The handsome couple who exited the plane last took a moment to soak in the warm tropical sun while the other dozen passengers made their way to a covered area to be greeted with fruity drinks and local tour guides. The younger of the two men looked about at the tiny little excuse for an airport, at the wrecked plane at the end of the runway they’d flown in over with ‘oops’ spray-painted across the wreckage, up at the cloudless sky, and finally at his blonde companion who cleaned his sunglasses on the tail of his shirt. He spoke in French. “This is it?

“This is it, André,” the man replied in his fluid British accent. “Sorry if you wanted casinos and night clubs. We could always take a boat over to one of the bigger islands, but I think this is perfect.

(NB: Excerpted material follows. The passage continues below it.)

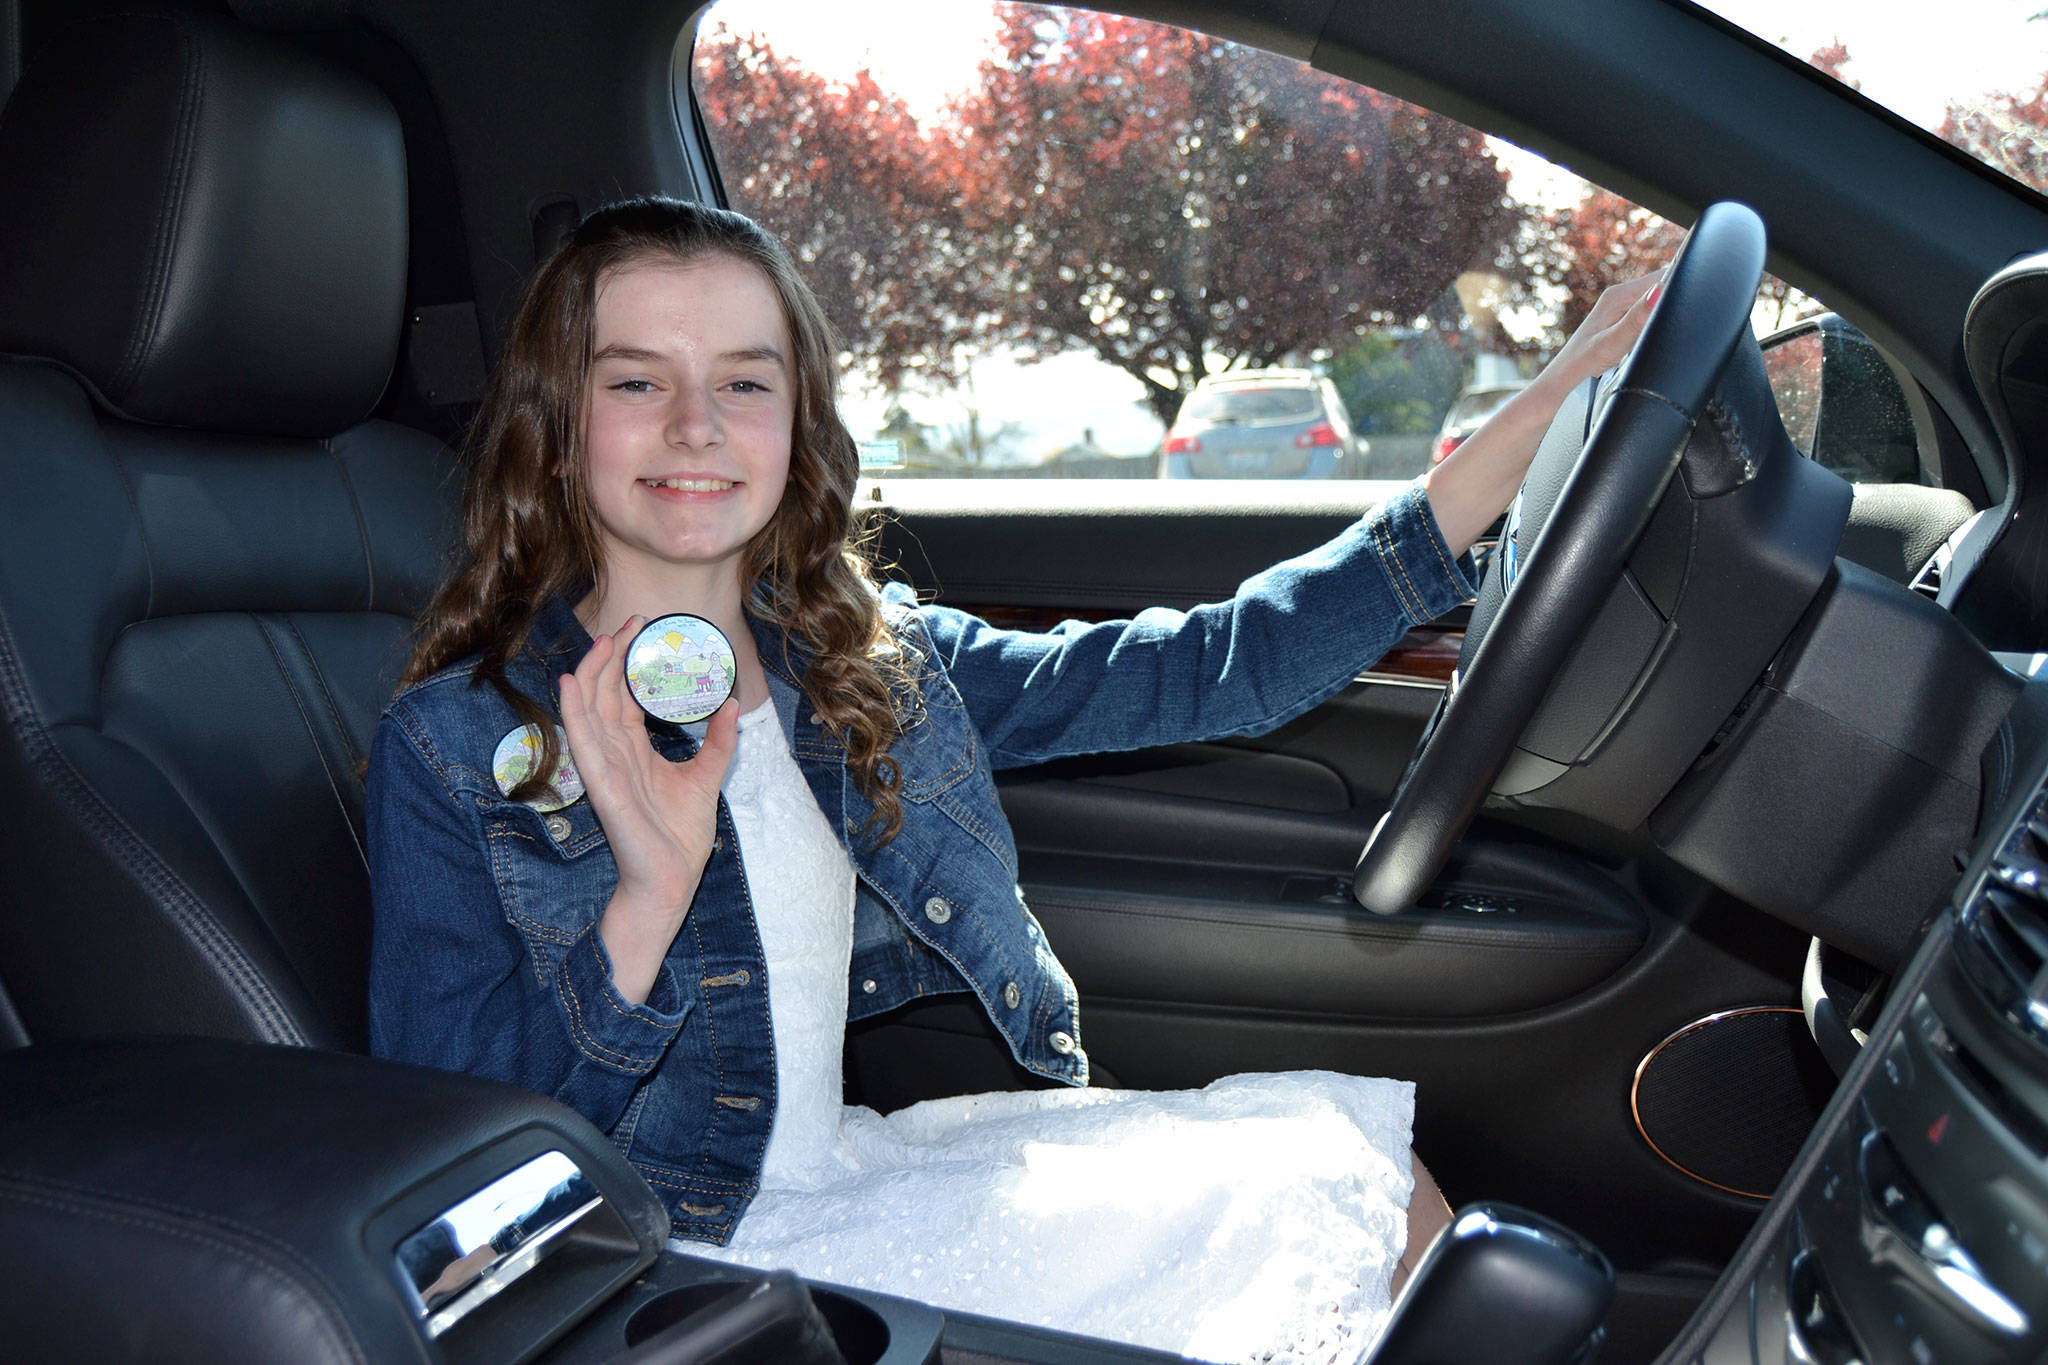 Sara German won this year’s Sequim Irrigation Festival button design contest and the chance to ride in a limo with friends to lunch on May 1. Sequim Gazette photo by Matthew Nash

We needed a holiday away from the city. There’s nothing to do here, except entertain ourselves.”

“All right, Meredith, but this better not be one of your secret missions I’m not supposed to know about. There’s nothing here. Makes me think of some evil villain’s secret hideout.” He walked along behind Meredith who wanted a drink and a ride to their small resort. "
It’s okay for you if your arch nemesis or some mad scientist is here. You get to have fun. I’ve seen the secret agent movies. I know what happens to the attractive sidekick. I’ll be taken hostage. Tortured. Made to listen to ABBA, while watching Celebrity Big Brother, and eating microwaved burritos. I will be very upset with you if I’m taken prisoner.”

Grateful he didn’t add ‘again’ to his lament, Meredith handed him a red and yellow drink. “It’s merely a holiday, mon lapin. It’s no one’s secret hideout. You’re perfectly safe.”

Isn’t that what you said about Hong Kong? Prague? North Dakota?

“To be honest North Dakota took me completely by surprise as well.”

André pat Meredith’s shoulder.
“Yes, I understand. Who expects such a large concentration of ninjas in North Dakota? Who expects ninjas anywhere? Who expects ninjas at all? Sneaky little bastards.”

“I’m sorry. But it’s not my fault entirely. You have this way of attracting trouble like flies to honey.” He held open the backdoor of a Jeep for André and followed him inside. “I don’t know why I’m apologizing for that. It had absolutely nothing to do with me. They mistook you for that insane venture capitalist Shorty McStump.” He gave the driver their destination.

“I resent that still. And that name, Shorty McStump. That is someone evil. Villains always have ridiculous names. They can’t have normal names like other people.”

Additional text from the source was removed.